Her friend, 001-283-933-401, 401 for short, said: "Hi, how's it going, I hope you and your family are well."

Our central character, 226-483-050-555, 555 for short, replied: "Hi, how's it going, I hope you and your family are well."

Formalities aside, 555 opened today's sandwich to see what was inside. Whatever it chemically was, it was the green of her dorm room wall. Perhaps it was something mixed with phosphates. Without looking up, she asked 401: "Is today phosphate day?"

"It's phosphate day, her friend replied: "All day." She look around quickly to see if anyone had heard her.

"Phosphate Day," said 555 sadly. She looked around in precisely the same way her work-friend had before saying, "I had something of an experience this morning."

"Hmmm. I don't think you should tell me about it."

"I thought I was some place else entirely. I thought I was in a room full of computers, with something like a model of a city made of little glowing glass discs on a table in the middle of it all."

"Weird. Sounds like you have to have your diet adjusted."

"It was like nothing I've ever experienced. 401, have you ever heard of 'dreams'?"

"Of course I have. Think I never studied history, folklore? I'm pretty good at understanding superstitions. Ever heard of the rabbit foot?"

"The way you're saying it, 401, is that you never even entertained the idea that such phenomena are real."

"Of course not. So, wait, are you saying you think you had one?"

"I think so, yes."

401 drank some of her day's liquid before putting her head in her hands to ask, seriously: "Are you off your diet? Did you miss a dose?"

555 replied: "No, I'm all dosed up right."

"Maybe you should go for an adjustment. I've heard tales about events like this; I wouldn't want to see you run off to be with the mountain-wild people."

555 interrupted: "I'm not going off there, no, but it's something that happened to me, and it was strange, and I'm trying to tell you about it."

"Fine! What about it?" She leaned back as if to distance herself from whatever garbage was about to be thrown.

"Like I said, it was like I was in a room, and in the room there was a model of a city, but the city was a living thing, though made of glass. It was like I could see lights in the windows going on and off, and I could hear the hum of it all, all the electricity and machines."

401 shrugged. "Sounds like you're sick, if you ask me. Oh, look over there, shh. It's the new one, 593, we haven't met though I've heard about her."

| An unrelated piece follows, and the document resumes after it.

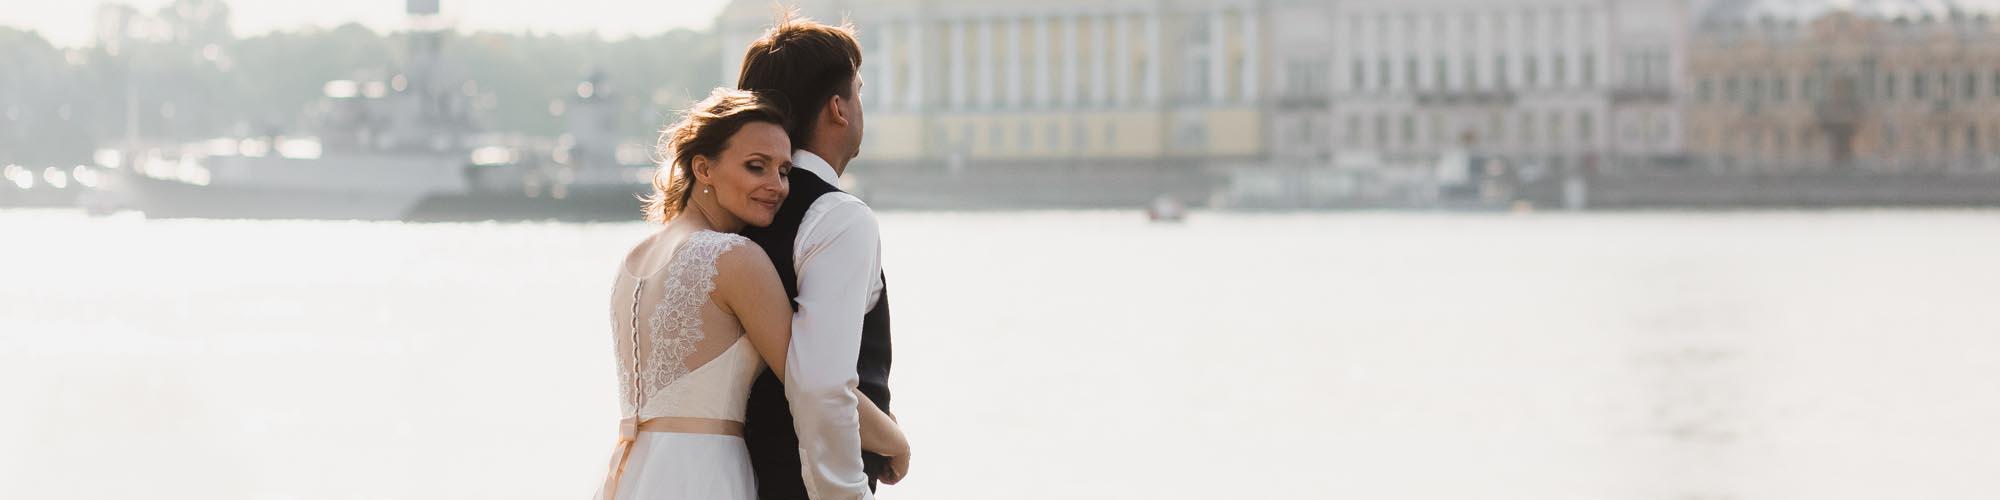 заказать свадьбу в агентстве

555 turned slightly to see a curvy blonde passing her scrip card under the scanner. She turned back around. "Yes, I've seen her."

"Dreamy," said 401, drinking liquid. "I wonder if she'll be assigned to someone. She's heading this way."

555 looked up; 593 was standing over her. The latter said to the former: "Aren't these scrip cards dumb? We all eat the same stuff anyway, so why bother?"

The former replied: "It's an extra layer of security, that's all. Also it gives the overwives a way of knowing where we are at all times, they care for us so much."

593 smiled crookedly. "Yes, we have to let them know about our every move." She went away to sit at a distant table.

401 whispered: "She was flirting with you!"

"You think so?"

"Oh, it was so obvious! Asking your opinion about something and everything! I wouldn't be surprised to see you've been assigned to her."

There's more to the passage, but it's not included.